Don't pursue someone with hundreds of contacts who posts provocativeself-portraits (Miss Aniela, featured above, for example). The chance that you could catch the attention of someone with such a busy Flickr life is slim. (If you have some fresh approach that you think would work, please e-mail it to this author in detail and he will ... uh ... review it.) Instead, focus your crush on the diamond in the rough: the shy librarian, the surfer with a fondness for black-and-white.


Joe Reifer



I like it when I'm directed by Google Analytics to a site that has been referring to this blog and find work I've never come across before. One such was Joe Reifers blog. On his website I found some interesting night work (those aircraft graveyards remind me of the opening chapters of DeLillo's Underworld).

Some nice work (though I think I prefer those night shots where there doesn't appear to be any additional lighting)

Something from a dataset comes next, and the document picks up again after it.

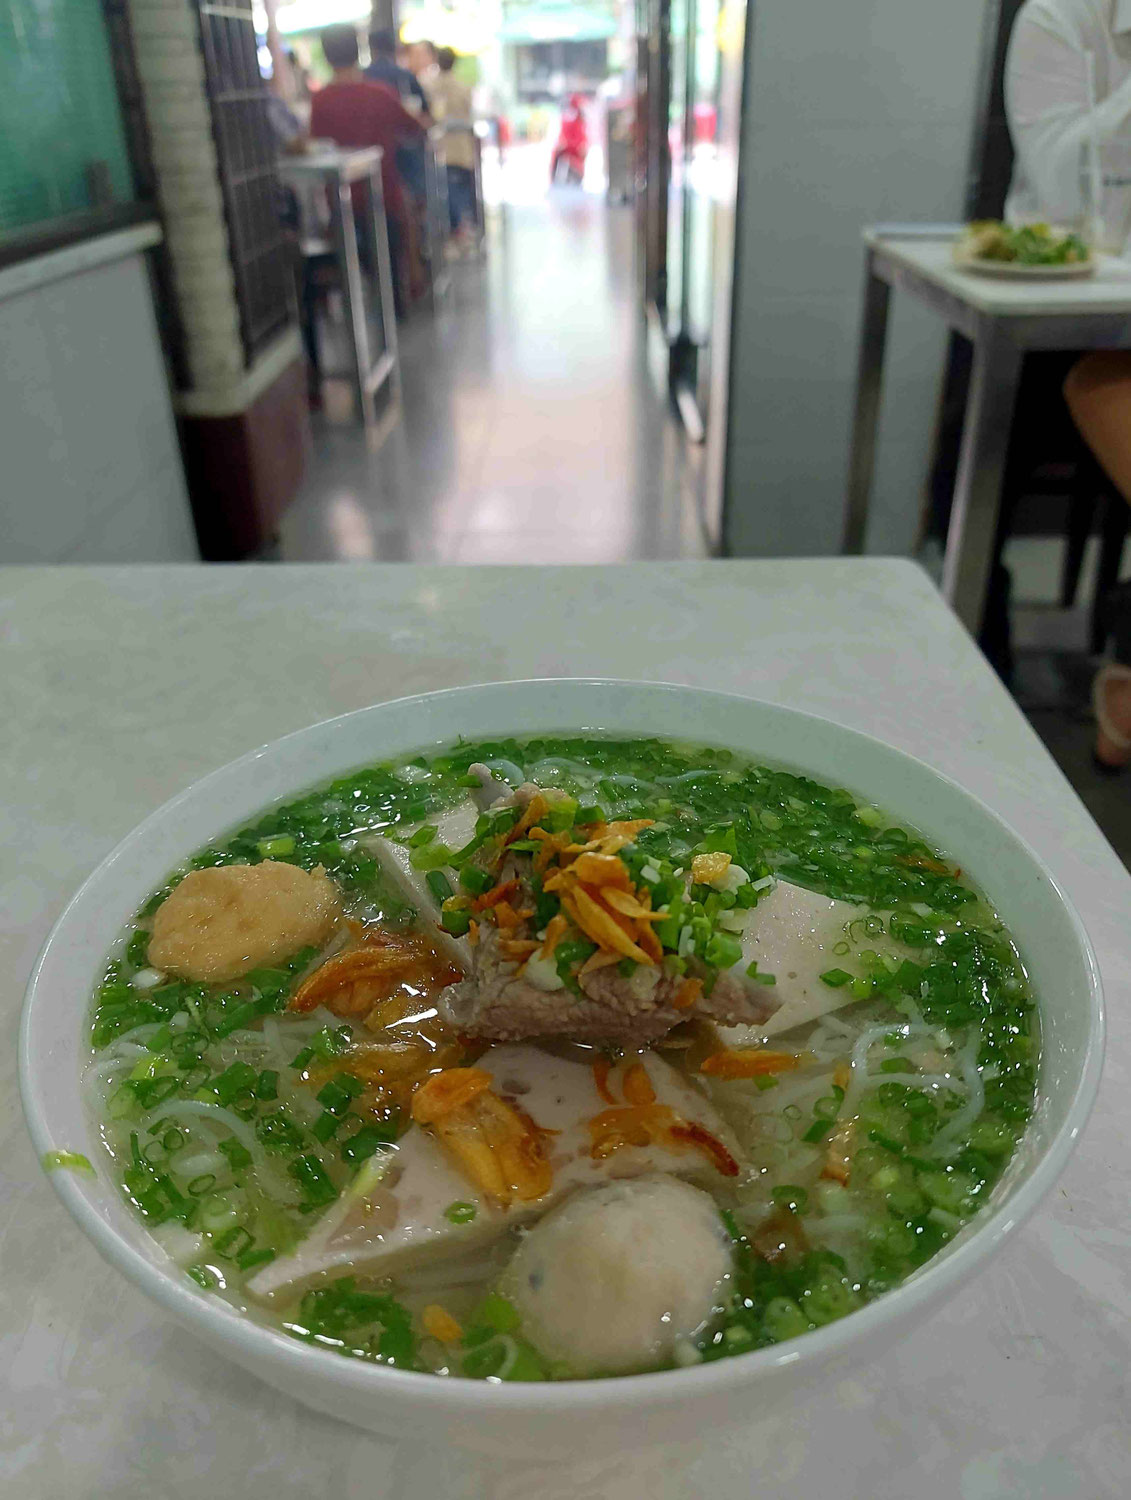 ベトナム人に「ベトナム料理は何が好きですか？」と尋ねられ「HU TIEU」と答えると、だいたい「PHOはどうですか？」と重ねて質問され「細い麺が好きなのでBUN RIEUの方が好き」と返していたが実はよく食べていたのはBUN MOCだとようやく気付いたが、BUN RIEUとBUN MOCの違いはまだ分かっていない
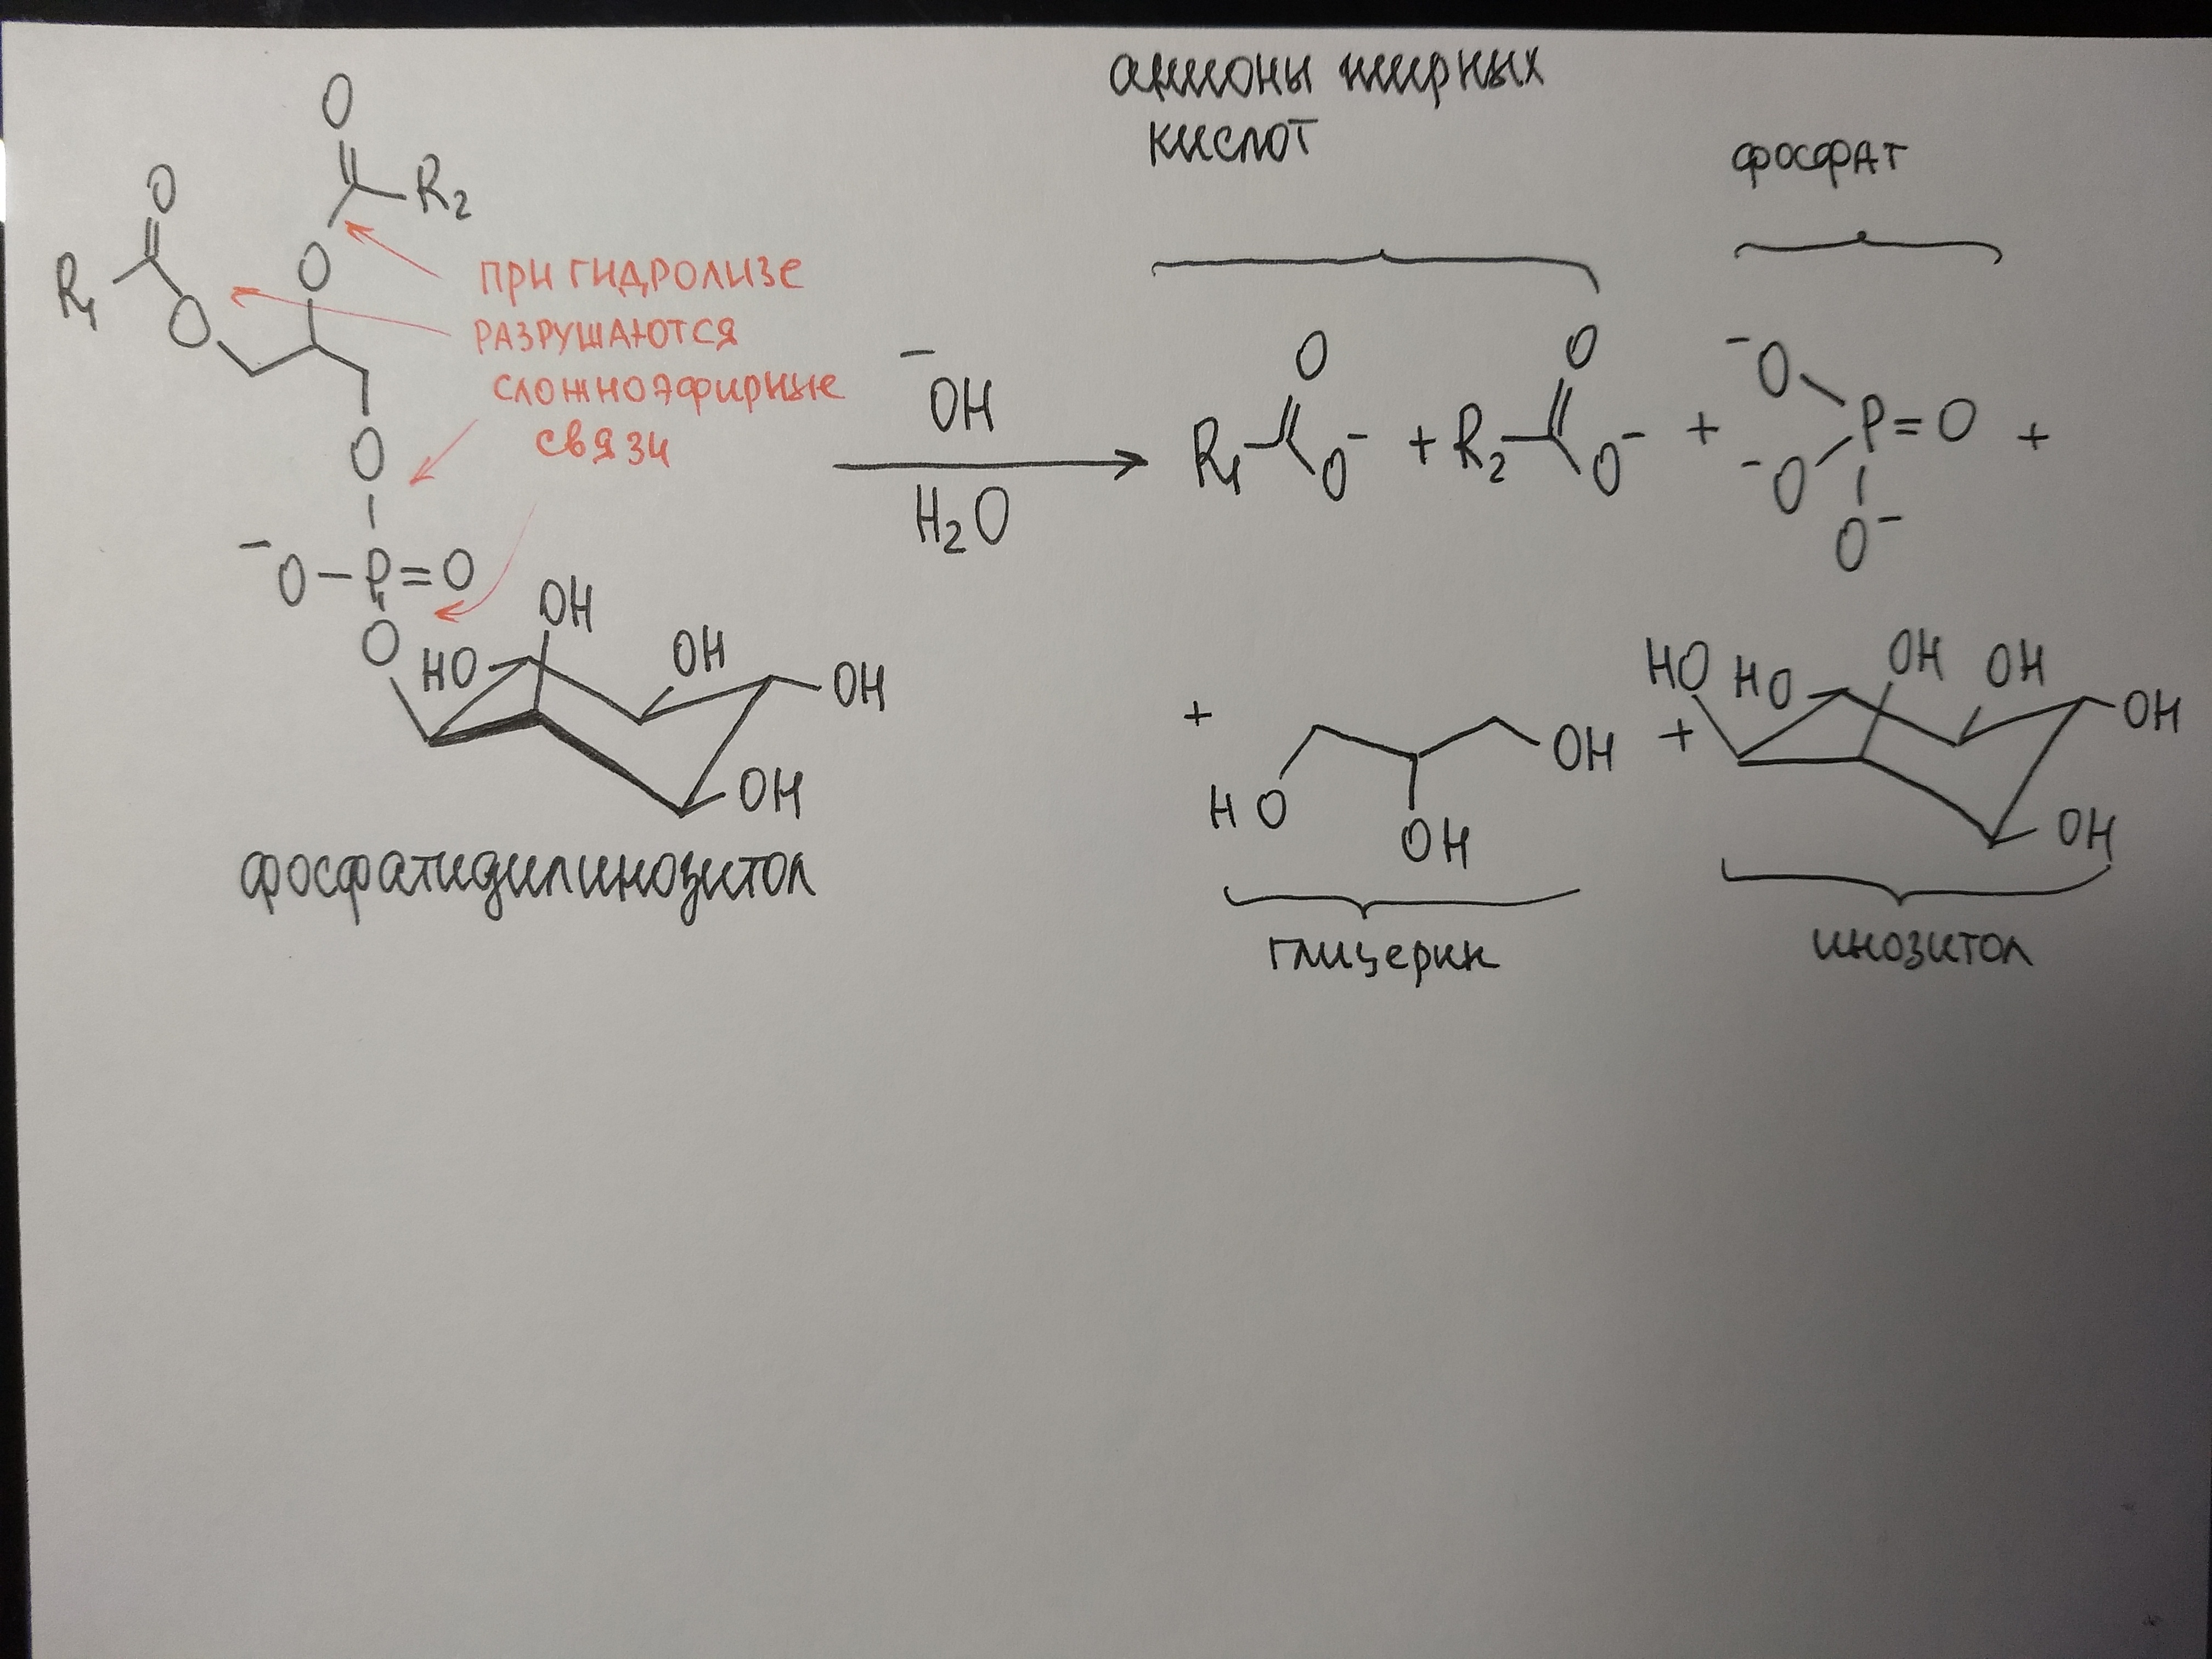 Гидролиз дисахаридов, уравнения и примеры

Thursday, February 15, 2007

"The Ongoing Moment" by Geoff Dyer


The Ongoing Moment by Geoff Dyer is a slightly frustrating but ultimately rewarding book that takes a rather eclectic course through about the last 60 or 70 years of modern photography. All the usual suspects are here - Stieglitz, Evans, Winogrand, Strand, Nachtwey (as well as a few not so usual suspects), but rather than a chronological recounting of their places in the photographic pantheon, Dyer picks up on themes that run through their work - themes apparently picked up almost unconsciously and passed like a baton from one photographic generation to another. Hats or accordion players or blind beggars or fences or highways for instance



While this approach can be a little annoying - you just feel like you are getting into a theme when it switches, you do come away from the book with a whole host of ideas buzzing around in your head.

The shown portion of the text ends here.